True or False. All policy ideas are accepted and implemented right away.
What is False?
This is the traditional model that the Punctuated-Equilibrium Theory challenges.
What is Incrementalism?
True or False. Policy-oriented learning mainly changes deep core beliefs.
What is false.
This framework provides a lens to explain how policies are made under unclear or uncertain conditions?
What is the Multiple Streams Framework?
The three streams of the MS Theory that flow independently of each other.
What is Political, Policies, and Politics?
These are networks of specialists and institutions that handle issues with low visibility and incremental change.
What are policy subsystems (or subsystem politics)?
These groups of actors share beliefs and work together to influence policy within a subsystem.
What are advocacy coalitions?
Long periods of stability + sudden bursts of major change = policymaking
What is the Punctuated-Equilibrium Theory?
This concept describes the limited time period when policymakers can push through change.
What is a policy window?
This concept explains that policymakers make decisions with limited information and time.
What is bounded rationality?
This type of learning occurs gradually through research and experience, mainly affecting secondary beliefs.

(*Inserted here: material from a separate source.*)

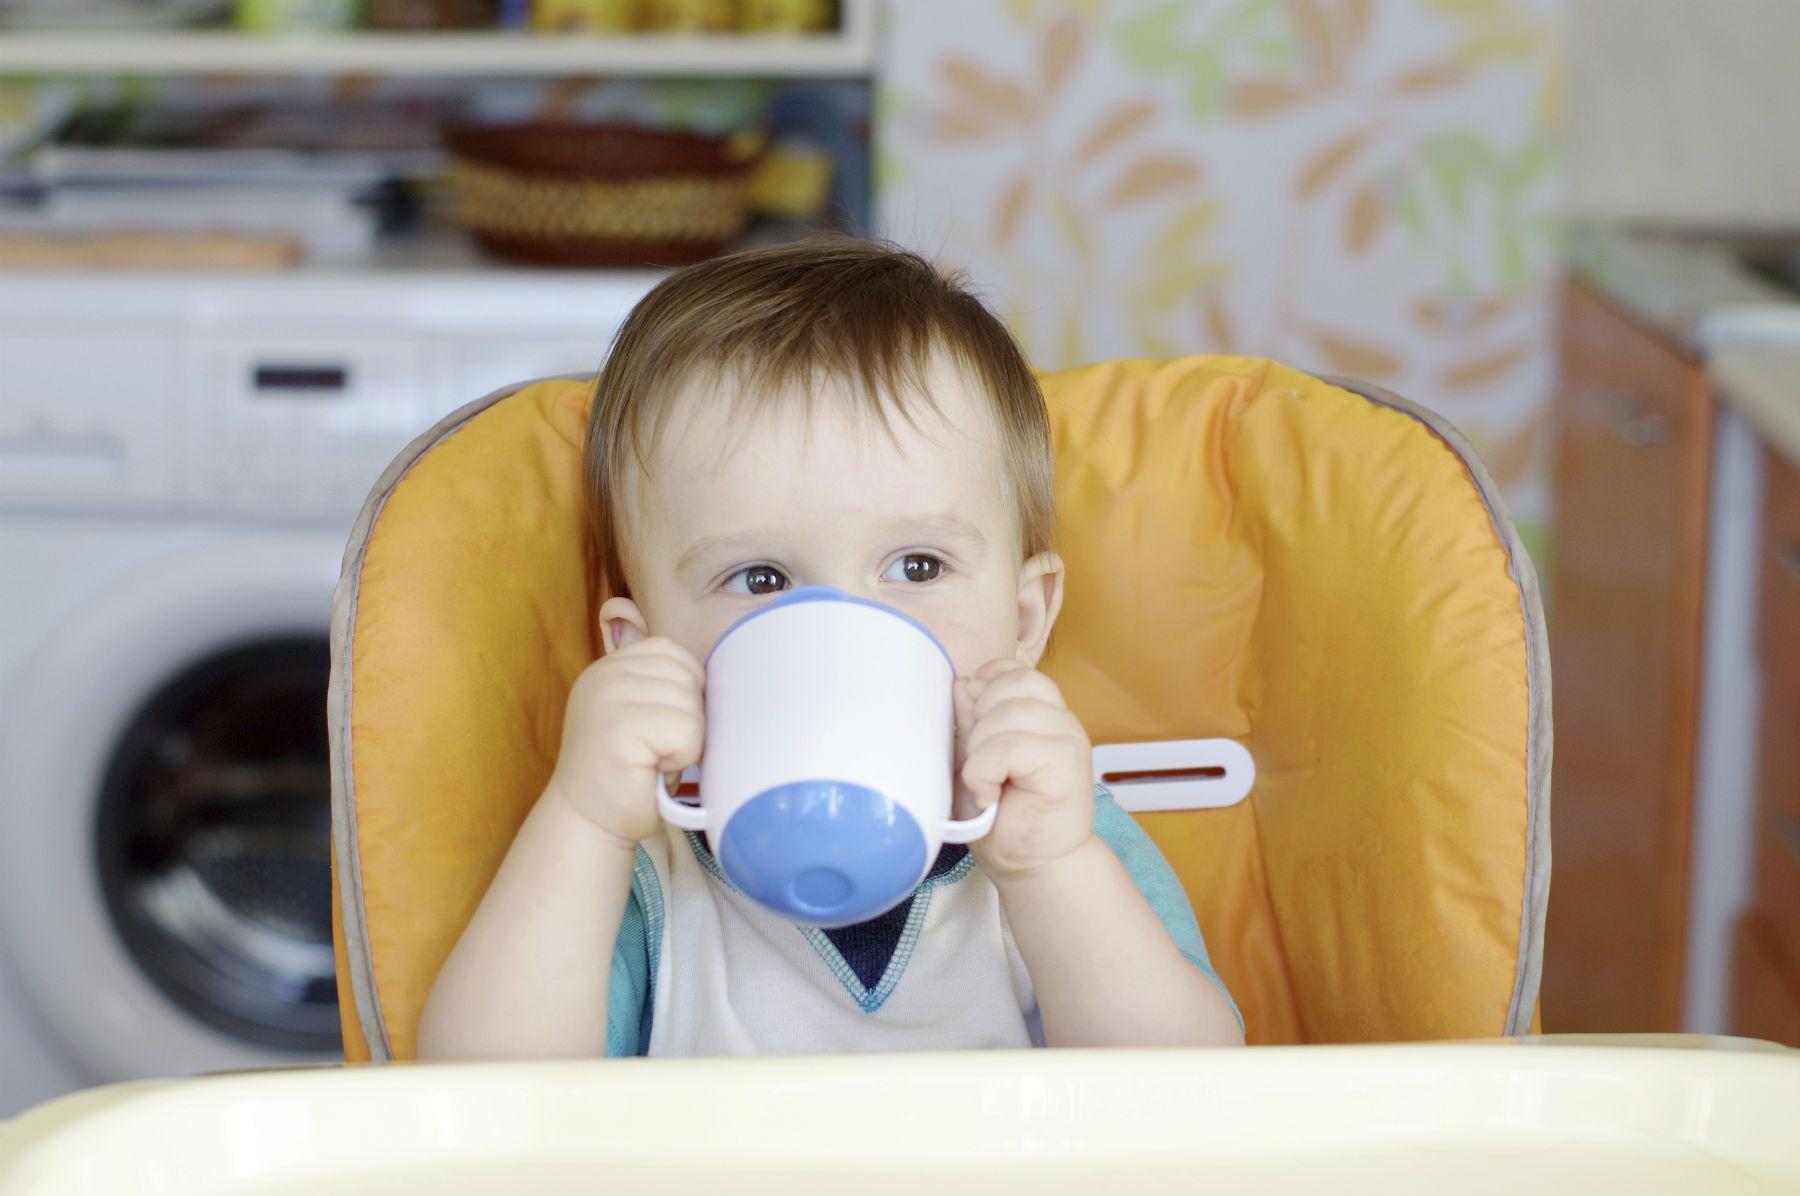 welche tees eignen sich f r babys ern hrung kind pinterest baby baby co und pregnancy. Black Bedroom Furniture Sets. Home Design Ideas
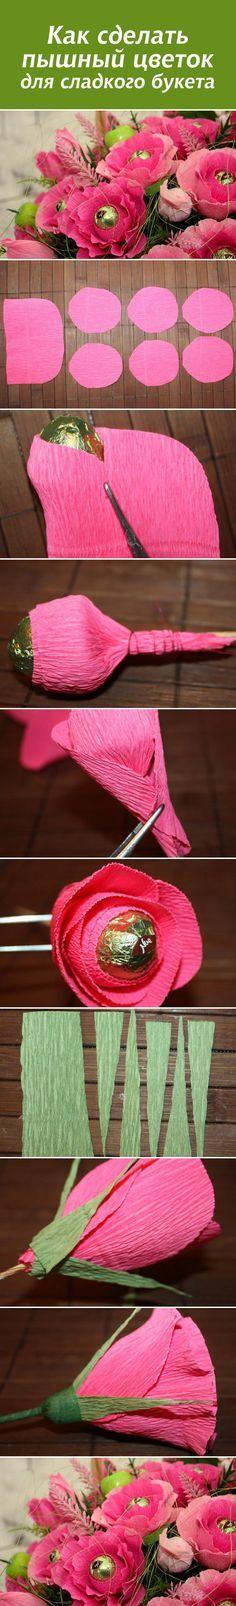 Как сделать пышный цветок для сладкого букета #diy #tutorial #sweetbouquet

What is policy-oriented learning?
This framework explains how belief systems among groups translate into policy outcomes over time.
What is the Advocacy Coalition Framework?
This model influenced the MS Framework and describes decision-making as chaotic and disorganized.
What is the Garbage Can Model?
This type of feedback resists change and maintains stability within subsystems.
What is negative feedback?
The Advocacy Coalition Framework differs from this type of choice Framework.
What is Rational Choice Framework?
This framework explains how attention shifts from low-visibility subsystems to high-visibility national debates.
What is Punctuated-Equilibrium Theory?
When many ideas are floating around and competing for attention and approval.
What is the "policy soup?"
This explains how an image is framed or understood by the public using both facts and values/emotions.
What are policy images?
These sudden events, like economic crises or political shifts, disrupt policy systems and create opportunities for change.
What are external shocks?
This framework highlights external shocks, internal shocks, and policy brokers as key to policy change.
What is the Advocacy Coalition Framework?